The European Space Agency has given the lander portion of the Rosetta mission a name: Philae. This is the name of an island in the Nile where a French explorer, Jean-François Champollion, discovered an obelisk with a bilingual inscription of the names Cleopatra and Ptolemy. This gave Champollion the clues he needed to decipher the Rosetta stone, and begin translating ancient Egyptian hieroglyphs. The name was proposed by a 15-year old girl from Italy. If all goes well, Rosetta will lift off on February 26 to begin its 10-year mission to reach and land on Comet 67P/Churyumov-Gerasimenko.
Scientists on Earth have investigated the microscopic pictures of Martian soil returned by NASA's Opportunity rover, and found features that are unlike anything seen on Mars before, including spherical particles that could have been formed by the erosion of water. Opportunity also used its instruments to create a mineral map of the area, and discovered large quantities of hematite right at the surface, especially near the rim of the crater which the rover landed in. Engineers will have the rover drive forward about 3 metres - halfway to the outcrop of rock - and dig a trench with its wheel to see material down a few centimetres.

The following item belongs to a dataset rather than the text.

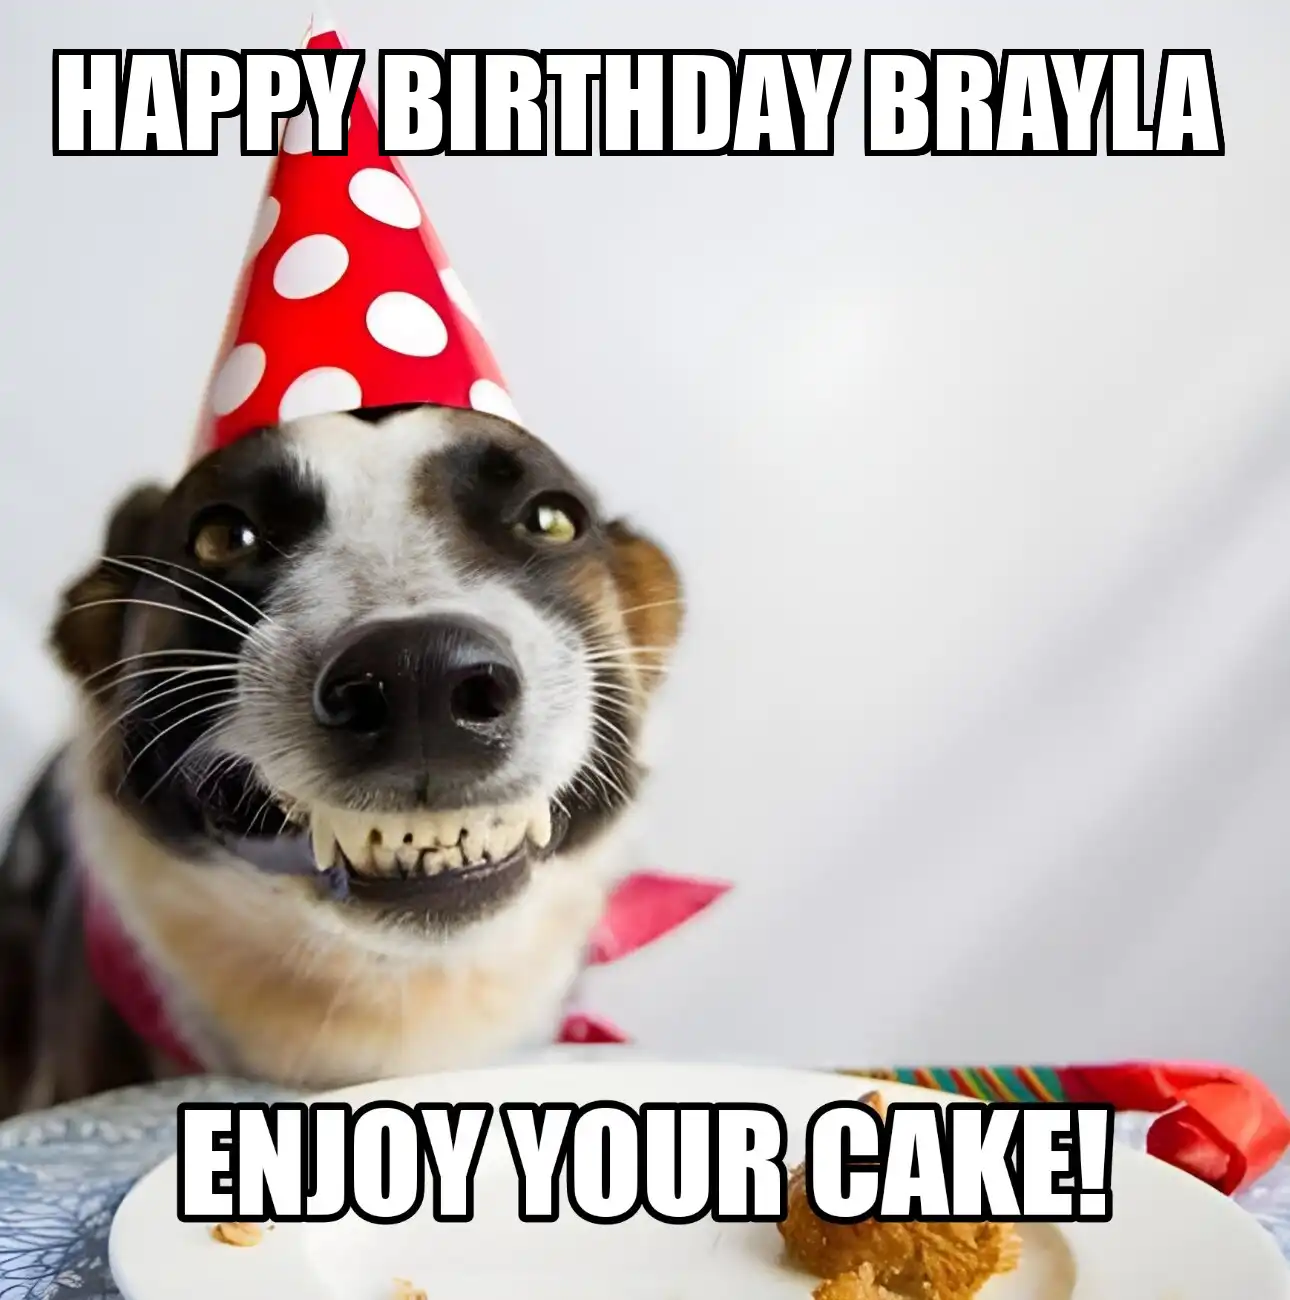 Happy Birthday Brayla Enjoy Your Cake Dog Meme

A collision of two Galaxies has left a merged star system with an unusual appearance as well as bizarre internal motions. Messier 64 (M64) has a spectacular dark band of absorbing dust in front of the galaxy's bright nucleus, giving rise to its nicknames of the "Black Eye" or "Evil Eye" galaxy.
Fine details of the dark band are revealed in this image of the central portion of M64 obtained with the Hubble Space Telescope. M64 is well known among amateur Astronomers because of its appearance in small telescopes. It was first cataloged in the 18th century by the French Astronomer Messier. Located in the northern constellation Coma Berenices, M64 resides roughly 17 million light-years from Earth.